The wake and funeral were far removed from the times we did it with our mom and dad. Back then, far-flung relatives and strangers of all sorts came. Most of them carried stories with their condolences, about how dad used to be a rambunctious brat who would run around the neighborhood with a pack of dogs at his heels, or how mom used to be the talk of the town for being the first in her family to graduate college.
Ellaine, Paul, and I would often joke about it ourselves when no one else could hear us.

“Guys were falling all over for mom. Guess it doesn’t run in the genes,” Paul would say coyingly at Ellaine.
“That’s true,” She would retort back. “When are you getting married?”

The funeral was much quieter this time. There were no stories, no drunken laughter by old friends of the dead, and no cries of frustration at the mahjong tables we’d place in our small garage as we scrambled to serve food from the kitchen. Very few people came to the funeral, and the atmosphere was heavy and somber. I could tell even from across the screen.

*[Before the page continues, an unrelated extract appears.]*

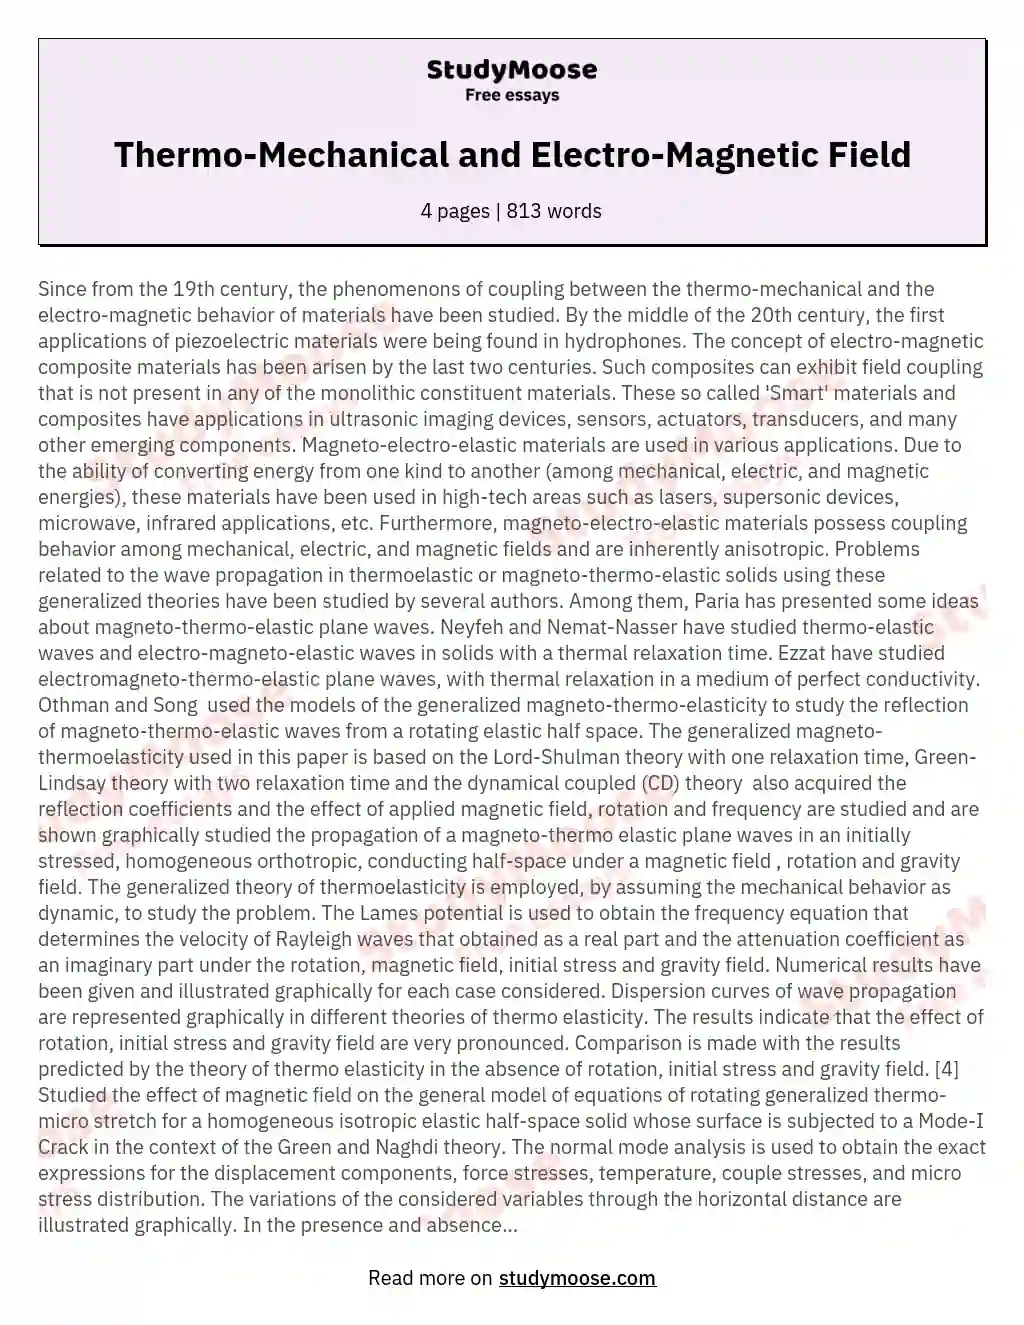 Thermo-Mechanical and Electro-Magnetic Field essay

The immigration officials wouldn’t let me go to the Philippines. A travel ban was in place, they had told me. No one leaves and no one is allowed to enter the country. “We’re sorry, sir,” They told me in their apologetic retail voice. “But those are the rules.”

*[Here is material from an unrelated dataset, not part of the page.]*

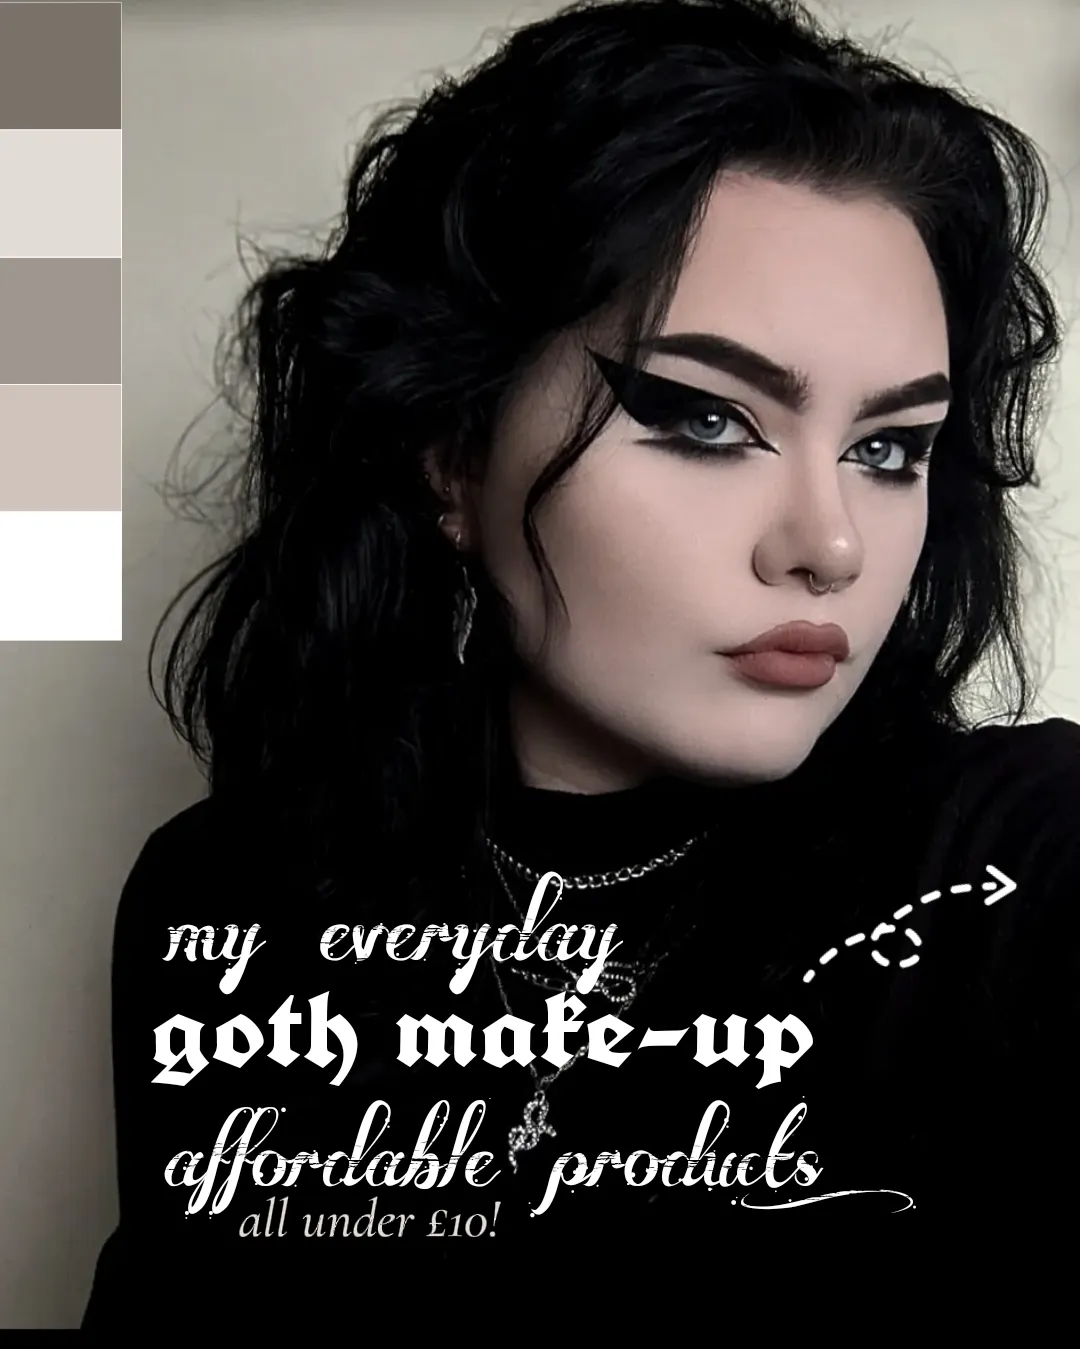 19 Top Goth Makeup For Gl Wearers

Dejected, all I could do was watch every night as the funeral was held on stream on facebook. I wonder what Paul would tell other people about Ellaine. People will ask and people will talk about what happened, no doubt. Perhaps he would know better than I. He was closer to Ellaine than I was.
My wife and my daughter sit next to me as they lower her coffin into the ground. The pastor had finished presiding over the funeral of four attendees and two cemetery workers who cranked the lever that squeakily lowered the box of my sister. Paul stood at the edge of the camera feed, the mandated distance that health regulations prescribed for us to hold this in the first place.

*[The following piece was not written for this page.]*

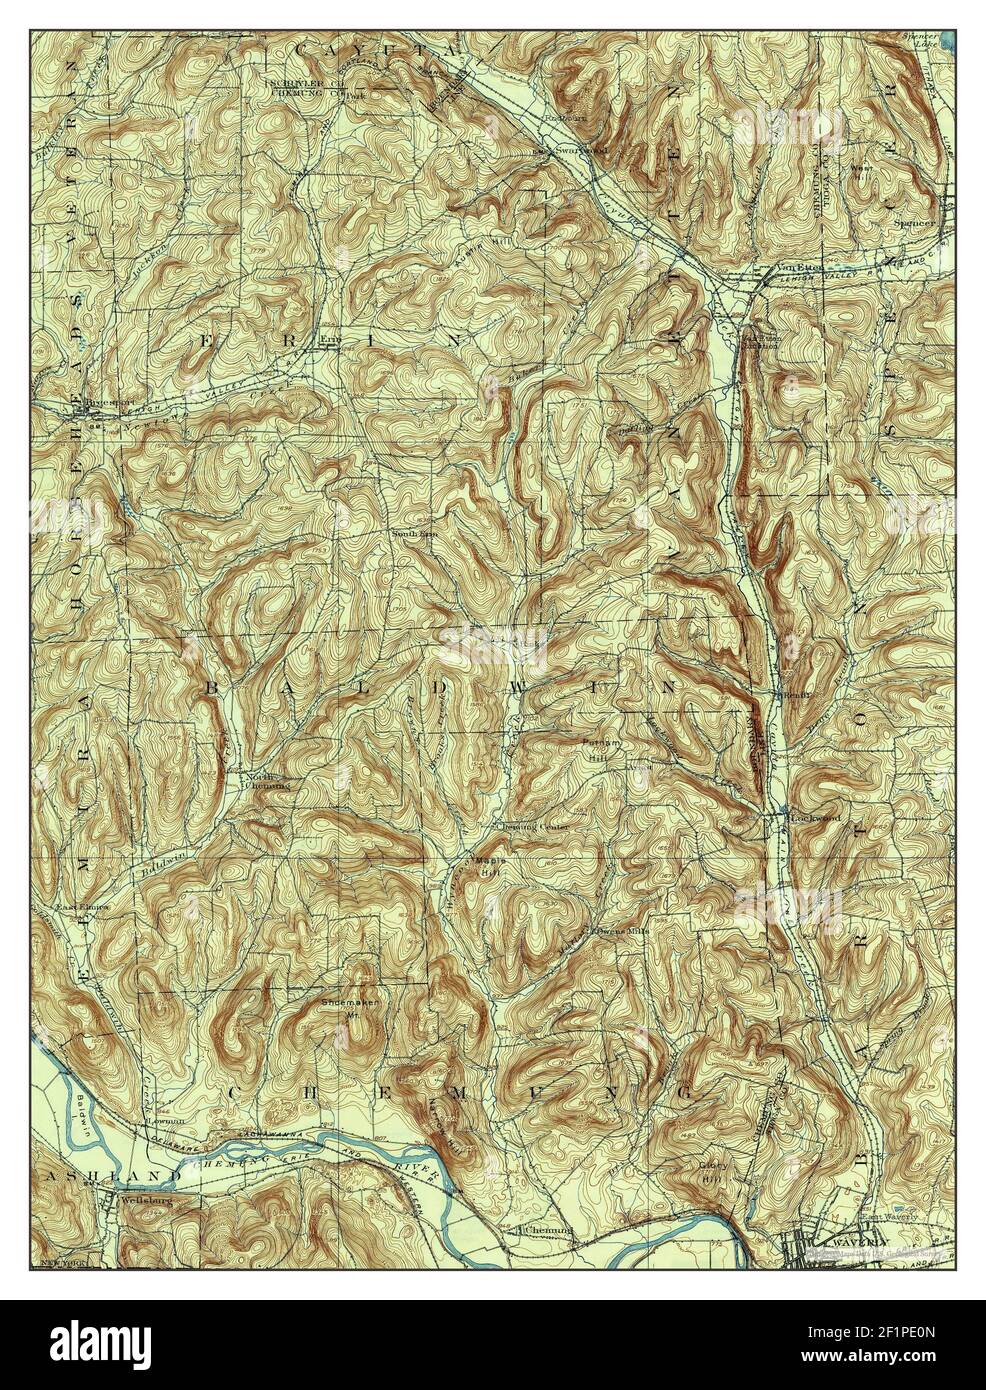 Waverly, New York, map 1902, 1:62500, United States of America by Timeless Maps, data U.S. Geological Survey Stock Photo

I talked to Paul after the funeral then, him complaining about the heat under the noonday sun and how lucky I was to be sitting in my bedroom, probably with my suit over a pair of shorts. It was unspoken then, that this would be the end of our conversations. Ellaine had given us a reason to connect again, but now that was done and finished. Us siblings had all been tangled up at some point in our lives, and untangled the next. Now we were tangled with one of us dead, and the other two in the dark about why. It was probably time again to untangle.

I can’t help but wonder why she did it. My mind keeps drifting back to mom’s funeral, when she asked me of how dying felt. I still don’t have the answer, but maybe Ellaine did know now, wherever she was. Another part of me feels a bit guilty that maybe I if I had been there better for her, she’d still be here. Paul let out a sigh when I told him about it.

“She’s dead. Does it even matter?”

Didn’t it? I was sure that being out of her life and out of her hair played a part in everything. At the end of the day, she wrote to us siblings, and to no one else. Maybe Paul did have a point, about why it didn’t matter anymore. It was too late for her, after all.

A person who dies, no matter how thorough, will always leave some form of sentiment in the people left behind. Ellaine was no different. The last thing she ever thought about was family, the way she put the sticky note on the manila folder before she tied the noose around her neck. Maybe we could have been there, the way we siblings would hold each other up when we were younger. Maybe if things were the slightest bit different, we would be laughing over a cup of coffee sometime when quarantine ended. But Paul is right—it doesn’t matter anymore. It was too late for her now, lying seven feet below the ground. But can the same be said for the living?

Before I know it, I find myself dialing Paul’s number. He’s still not married after all these years, I tell myself as I smile at the memory.

By the time I hear the now familiar gruff voice on the other end of the line, I already know that the balikbayan box going home to the Philippines is going to be small when the lockdown is finally lifted.